Save the score with the date. After 30 days you have a trend line worth showing an executive. Most teams use Grafana, Plausible, or just SQLite plus a tiny Recharts page.
import fs from "node:fs/promises";
const today = new Date().toISOString().slice(0, 10);
const score = computeScore(presence, "Pipedrive");
const row = { date: today, ...score };
const log = JSON.parse(await fs.readFile("scores.json").catch(() => "[]"));
log.push(row);
await fs.writeFile("scores.json", JSON.stringify(log, null, 2));Plot overall as the headline metric. Plot per-surface as the breakdown. The first 30 days of trend data is what makes the deck slide work.
What this costs
30 queries × $0.50 × 30 days = $450 worst case. With 60% cache hits over a daily run, the real bill is closer to $30 to $50 a month.

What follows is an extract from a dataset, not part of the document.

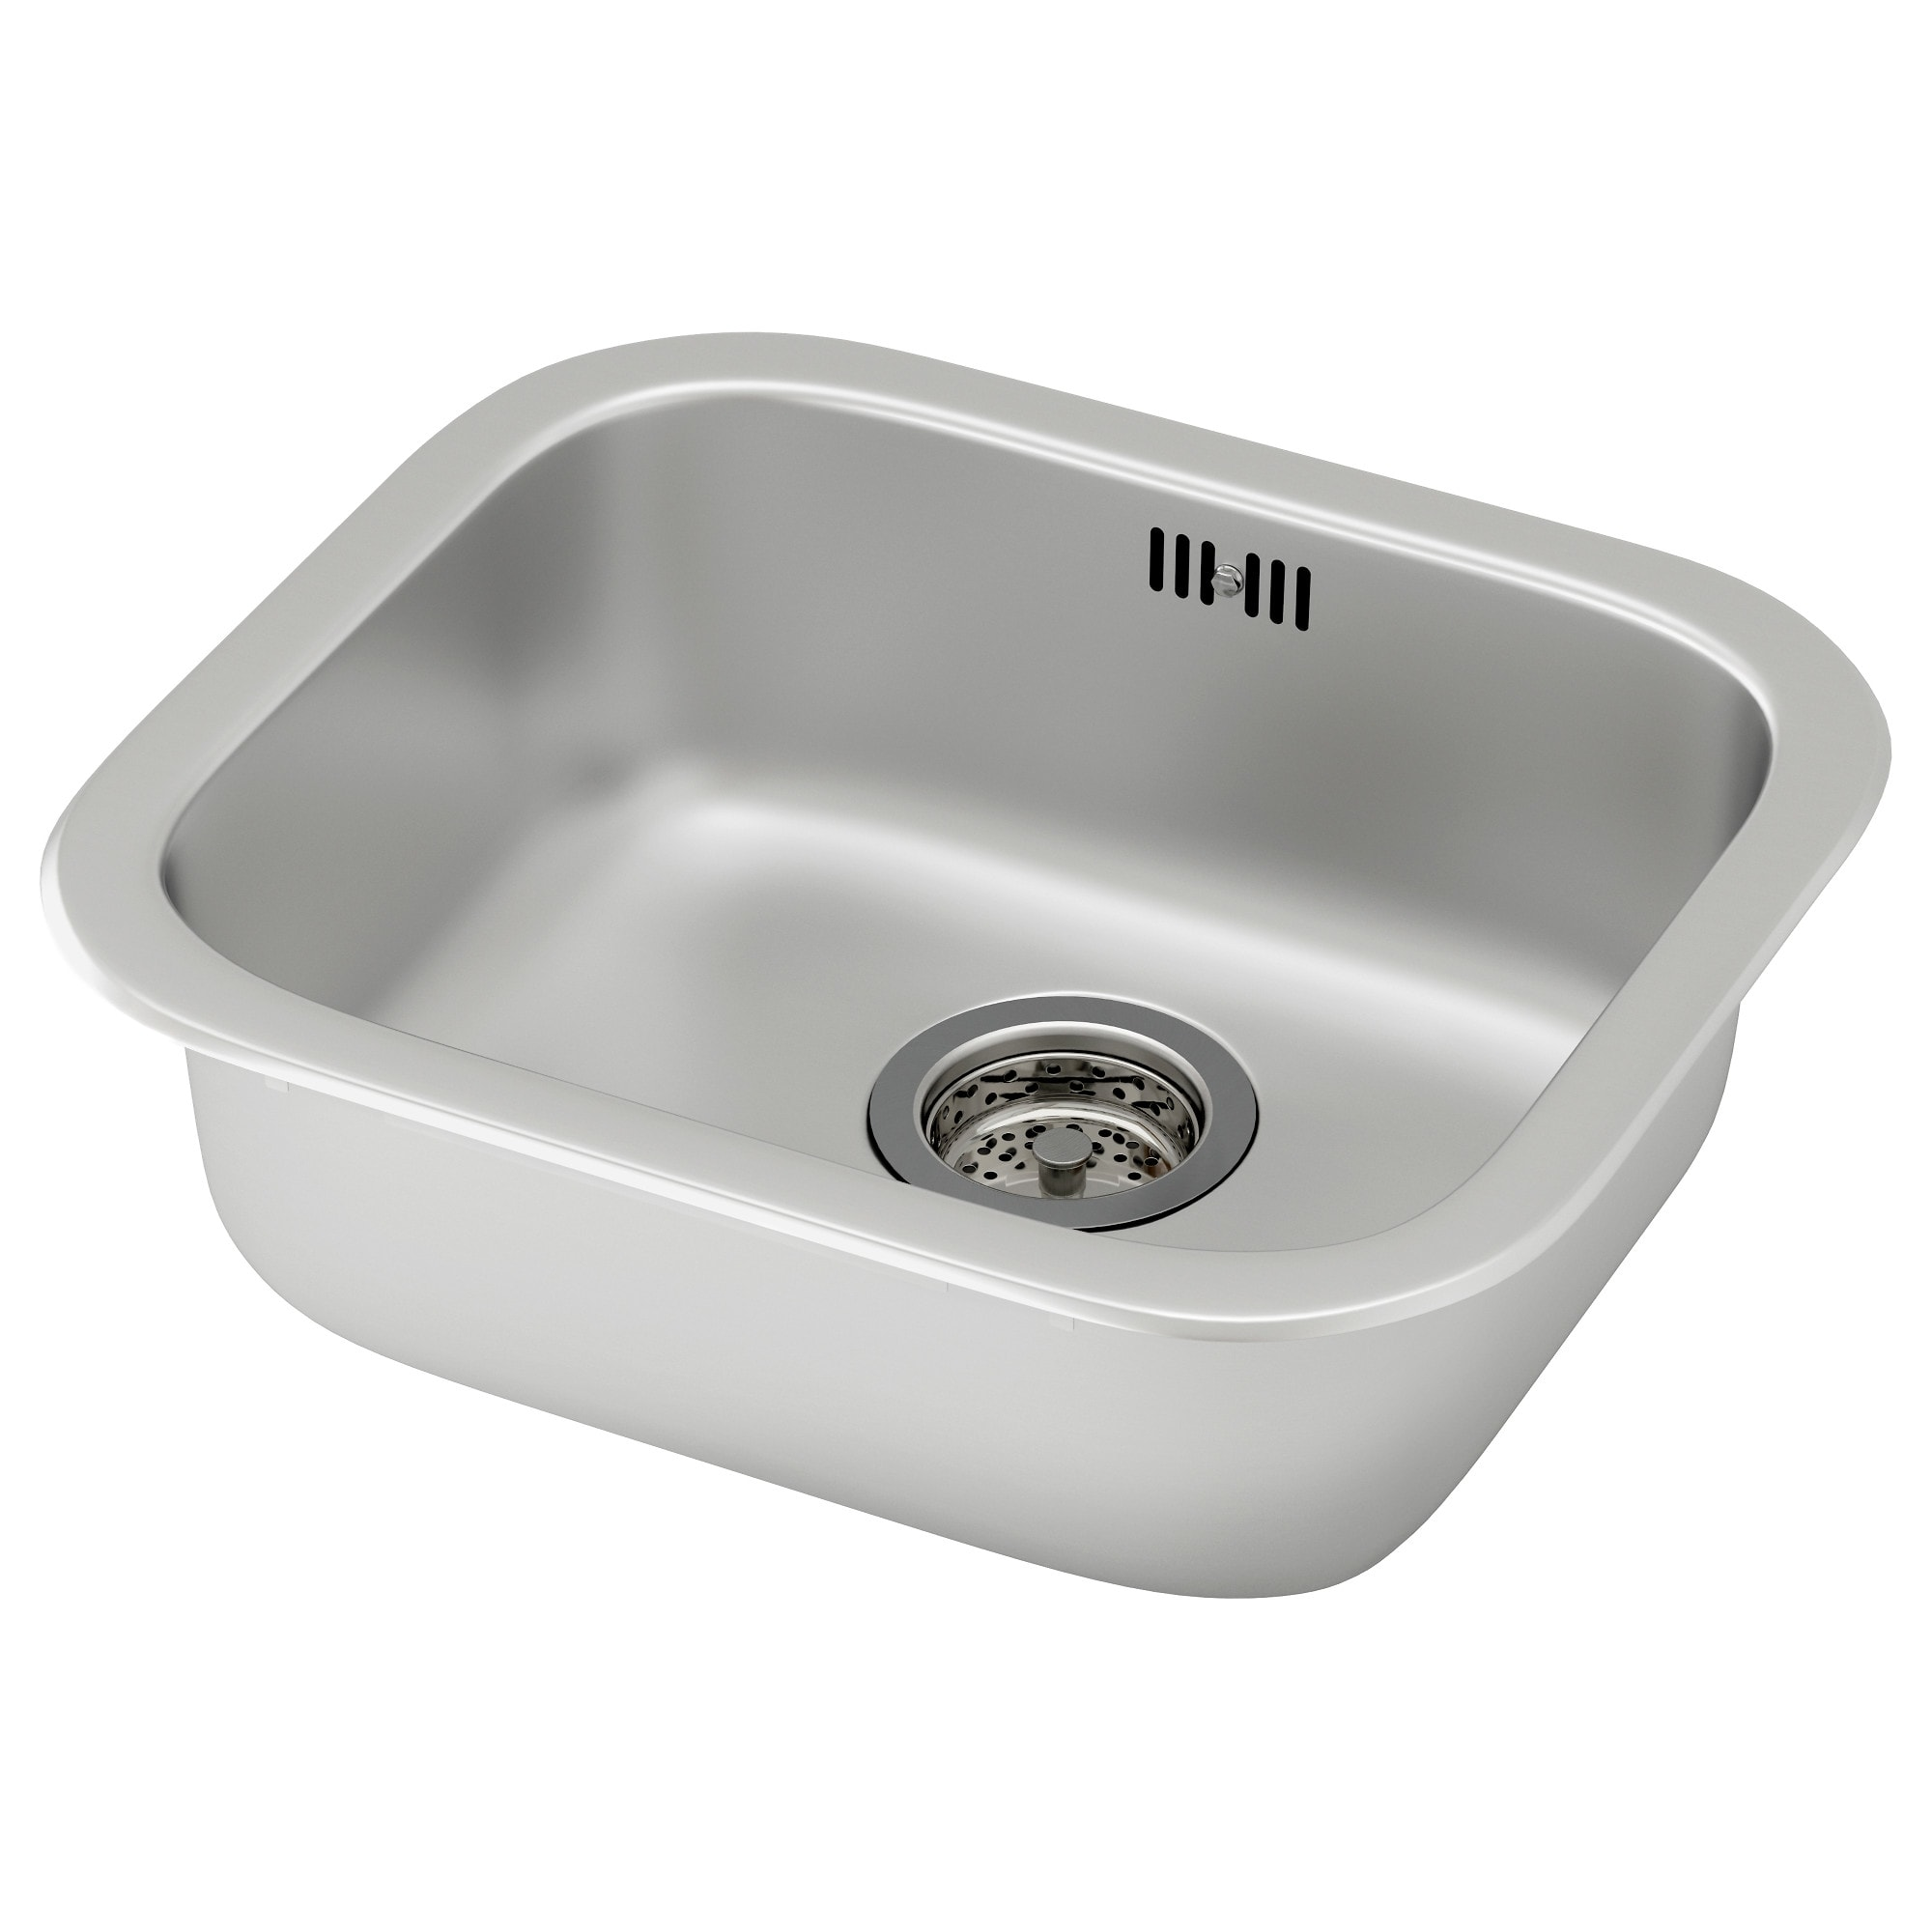 Fyndig Einbauspule 1 Becken Edelstahl In 2019 Inset Sink Sink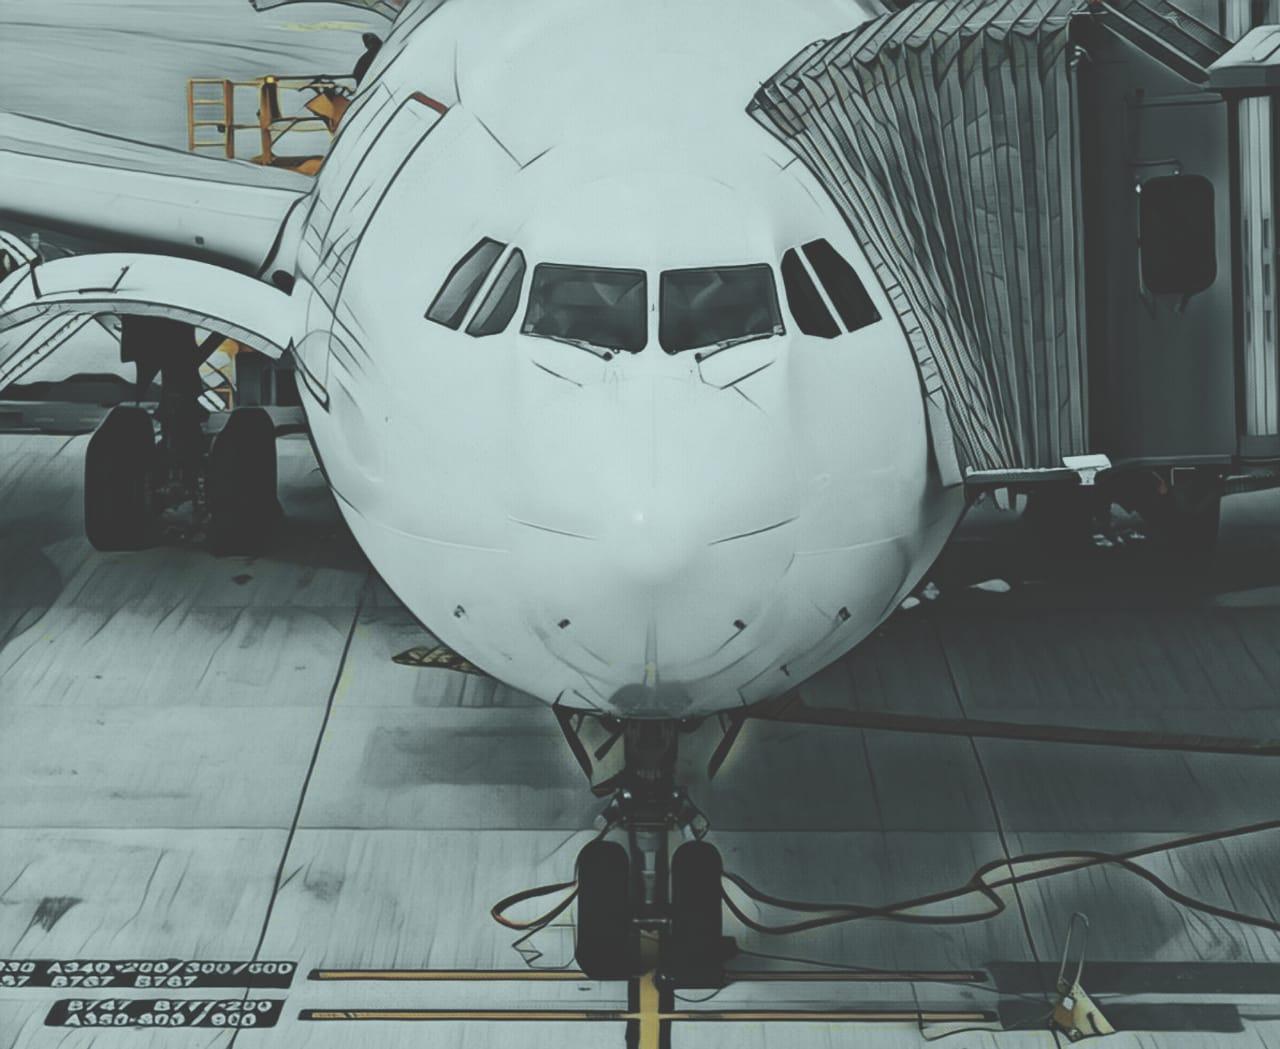 https: img.okezone.com content 2021 01 05 320 2339460 knkt-cek-bangkai-pesawat-diduga-milik-airasia-hasilnya-EczPL14bxU.jpeg

Add 20 more queries for better statistical significance and you are still under $80.
Where most builds get stuck
Two specific traps.
Picking the wrong queries. Most teams start with the broad ones ("best CRM"). Those are the queries every brand competes on. Your visibility is naturally low. Add 10 long-tail conversational queries that match how your specific customers ask. Those move the score where the broad queries cannot.
Over-engineering the rollup. Some teams add weighting before they have 30 days of data. The weights are arbitrary, the math feels rigorous, and the score is misleading. Resist this. Start with equal weighting. Layer weighting in month three when you have evidence.
Frequently asked questions
What is an AI visibility score?
How is this different from share of voice?
How many queries do I need to make the score meaningful?
Do I need to weight surfaces differently?
What does the score look like for a typical SaaS brand?
How often should I publish the score internally?
Ship it this week
Day one: build the query set and the snapshot pipeline. Day two: roll up the score. Day three: schedule daily and start collecting trend data. By day thirty, you have a real visibility number with a trend line. That is the deck slide your CMO has been asking for.
The build is small. The deliverable is large.